- Born: Ibn Abdur Rehman 1 September 1930 Pataudi State, British India (present day Gurgaon District, Haryana, India)
- Died: 12 April 2021 (aged 90) Lahore, Pakistan
- Occupations: Journalist, Social and human rights activist
- Years active: 1950–2021
- Known for: Human rights activist
- Awards: Nuremberg International Human Rights Award in 2003 Ramon Magsaysay Award for Peace and International Understanding in 2004

= Ibn Abdur Rehman =

Pakistani activist (1930–2021)

Ibn Abdur Rehman, also known as I.A. Rehman (1 September 1930 – 12 April 2021) was a Pakistani peace and human rights advocate, a veteran communist and a journalist.

==Early life and education==
Rehman was born on 1 September 1930 in Pataudi State, British India (present day Gurgaon district, Haryana, India). He grew up in both a "religious and secular" household, and his father and grandfather were landowners.

When partition of India happened in 1947, he was still studying at Aligarh Muslim University. He reportedly lost many relatives in the riots that followed the partition in his region of birth. He survived because he was away from the region as a student. Then he moved to Pakistan and was able to finish his MSc. degree in Physics from the University of the Punjab in Lahore, Pakistan.

==Career==
I. A. Rehman first started writing columns for newspapers in 1950. A protégé of the great Urdu poet Faiz Ahmed Faiz, he became chief editor of the Pakistan Times newspaper in 1989. He continued to write columns for Dawn newspaper until almost his death. He was the founding chair of the Pakistan-India People's Forum for Peace and Democracy and a prominent human rights activist. Rehman was influential for promoting peace in the Indo-Pakistani wars and conflicts and in Kashmir conflict as well as for other human rights issues in Pakistan.

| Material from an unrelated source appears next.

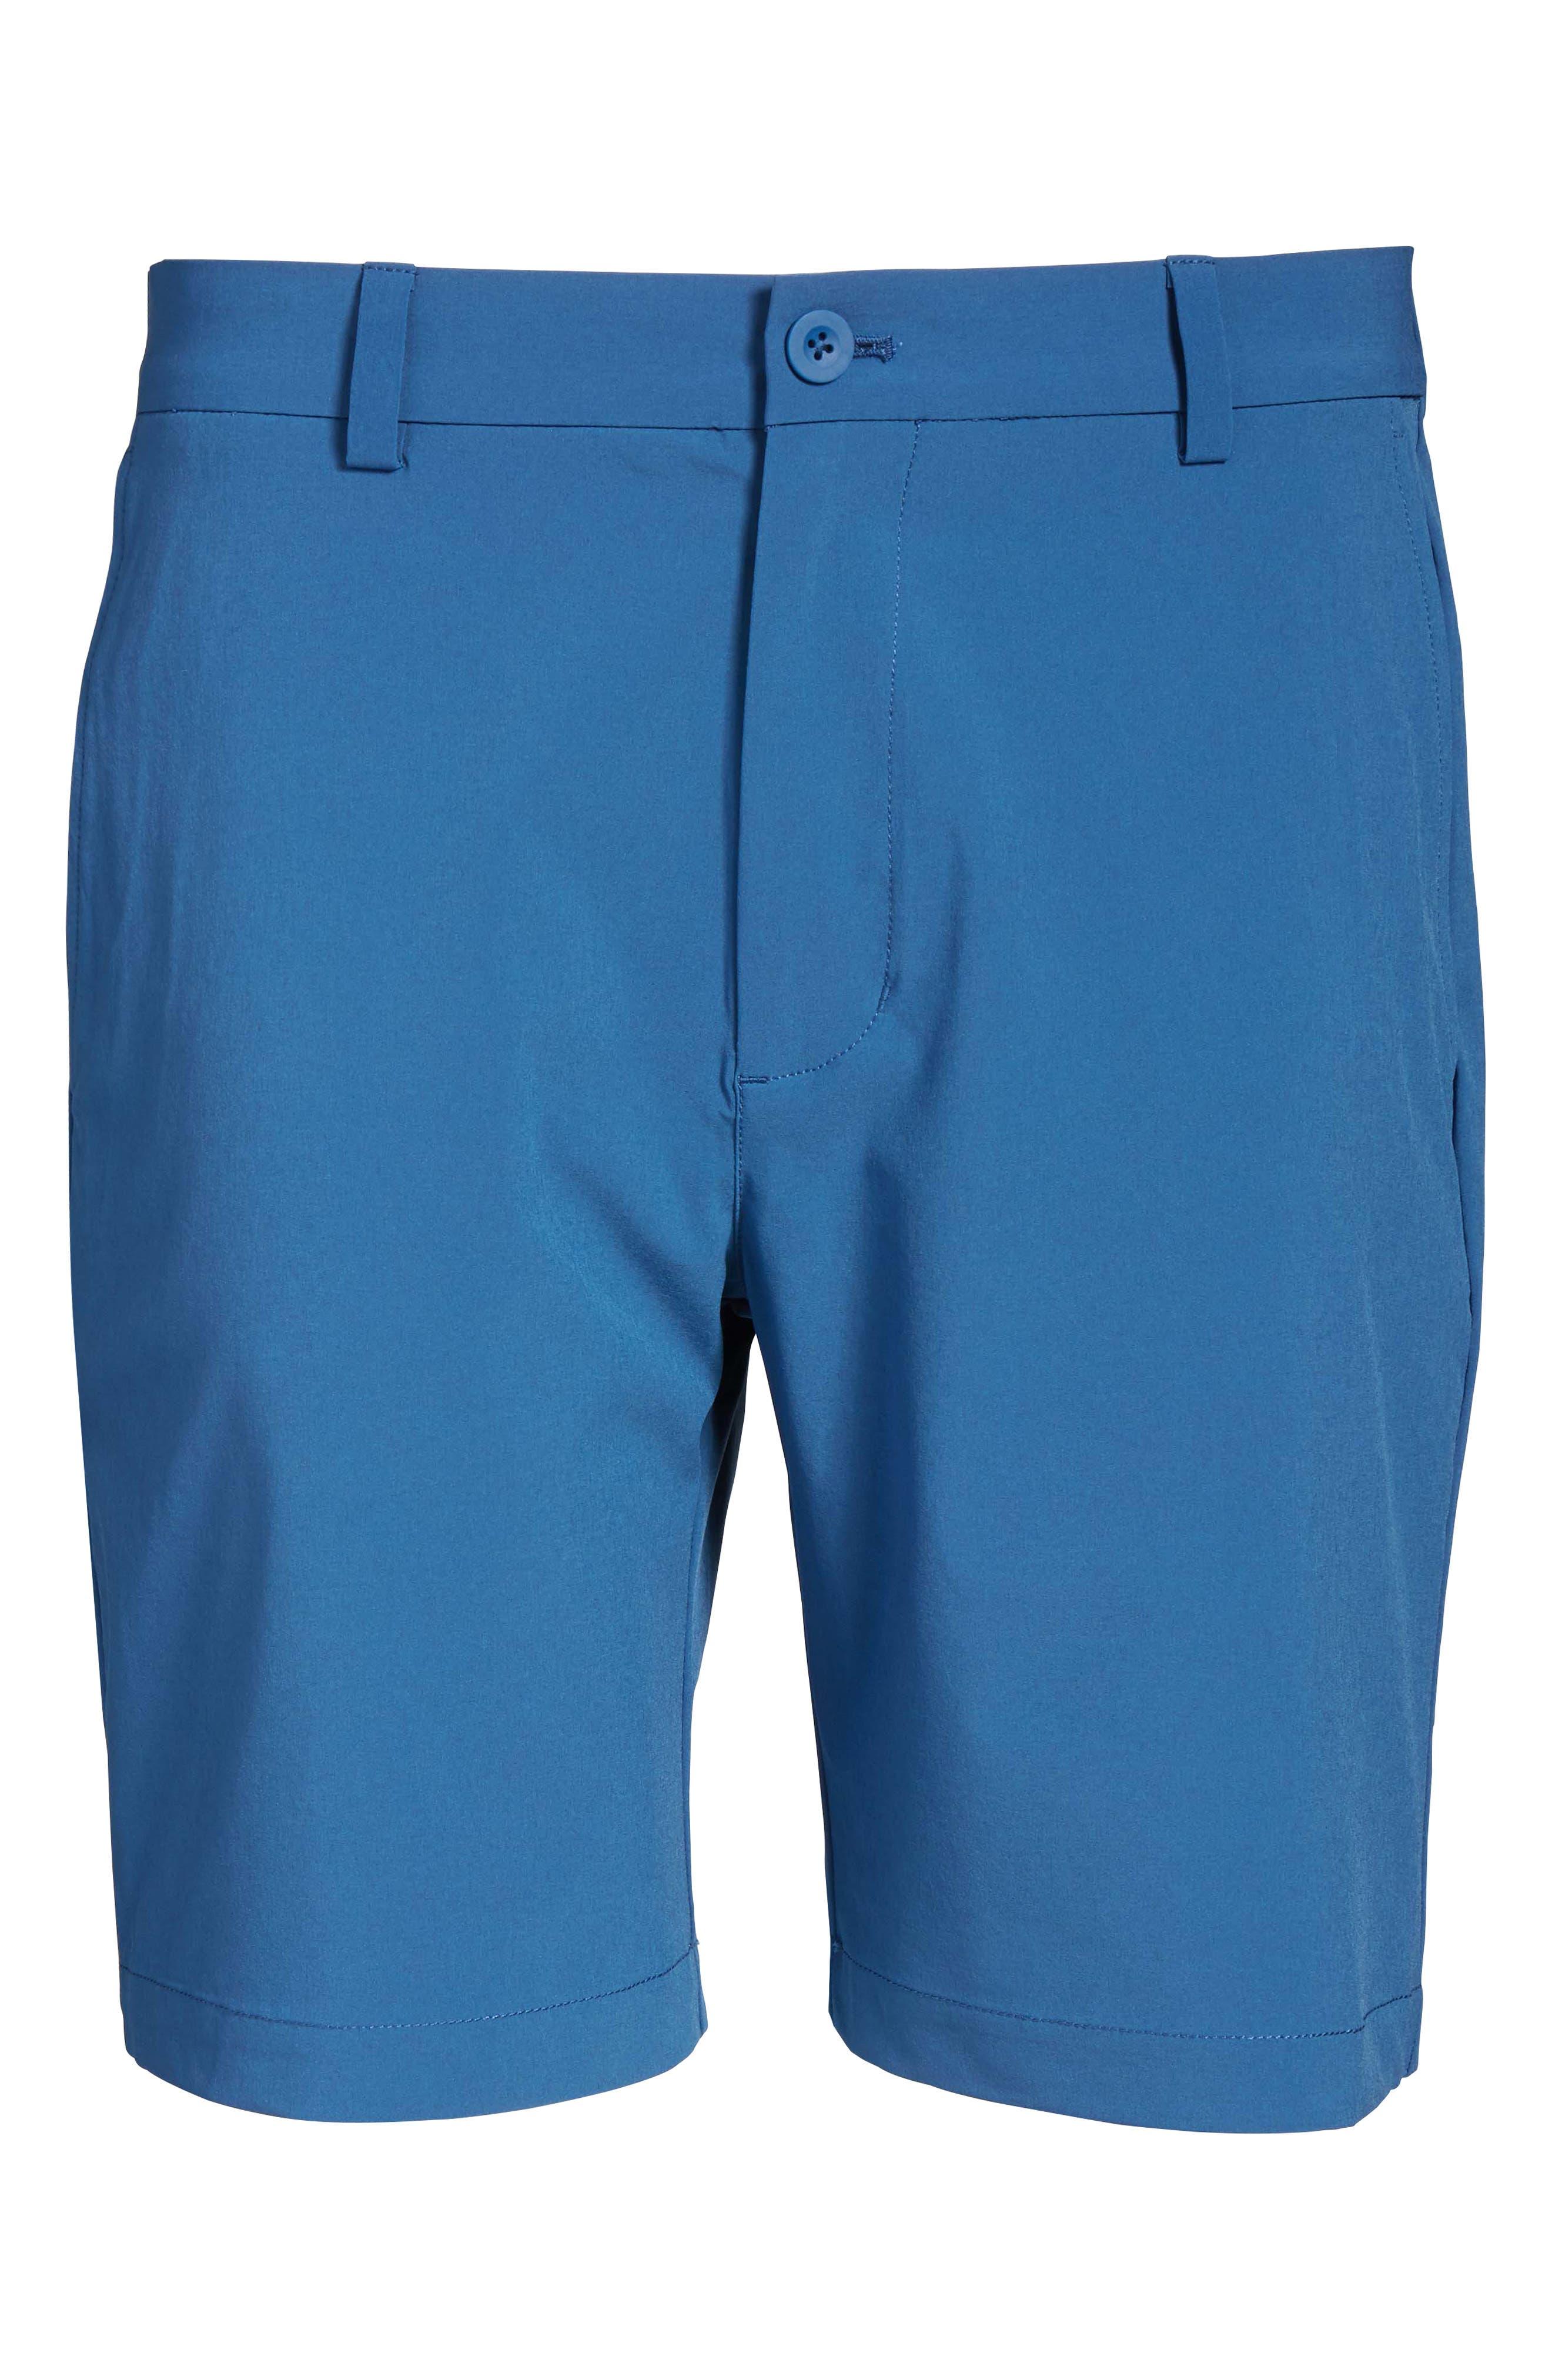 8 Inch Performance Breaker Shorts,                             Alternate thumbnail 77, color,

Rehman was also very active in the Pakistan Federal Union of Journalists (PFUJ). He was also a Director (1990-2008) and Secretary General from (2008-2016) at the Human Rights Commission of Pakistan.

A major newspaper of Pakistan is quoted as saying about I. A. Rehman:

"Had he chosen to concentrate on column-writing alone, he would have profited immensely because the big newspapers of India and Bangladeash were ready to publish him for any amount he desired, but instead he taught many generations of journalists about filing a report, doing research and journalistic ethics."

In November 2007, on a visit to India, he told The Hindu newspaper, "I've been working to defend people's human rights all my life. And, I will continue to do so."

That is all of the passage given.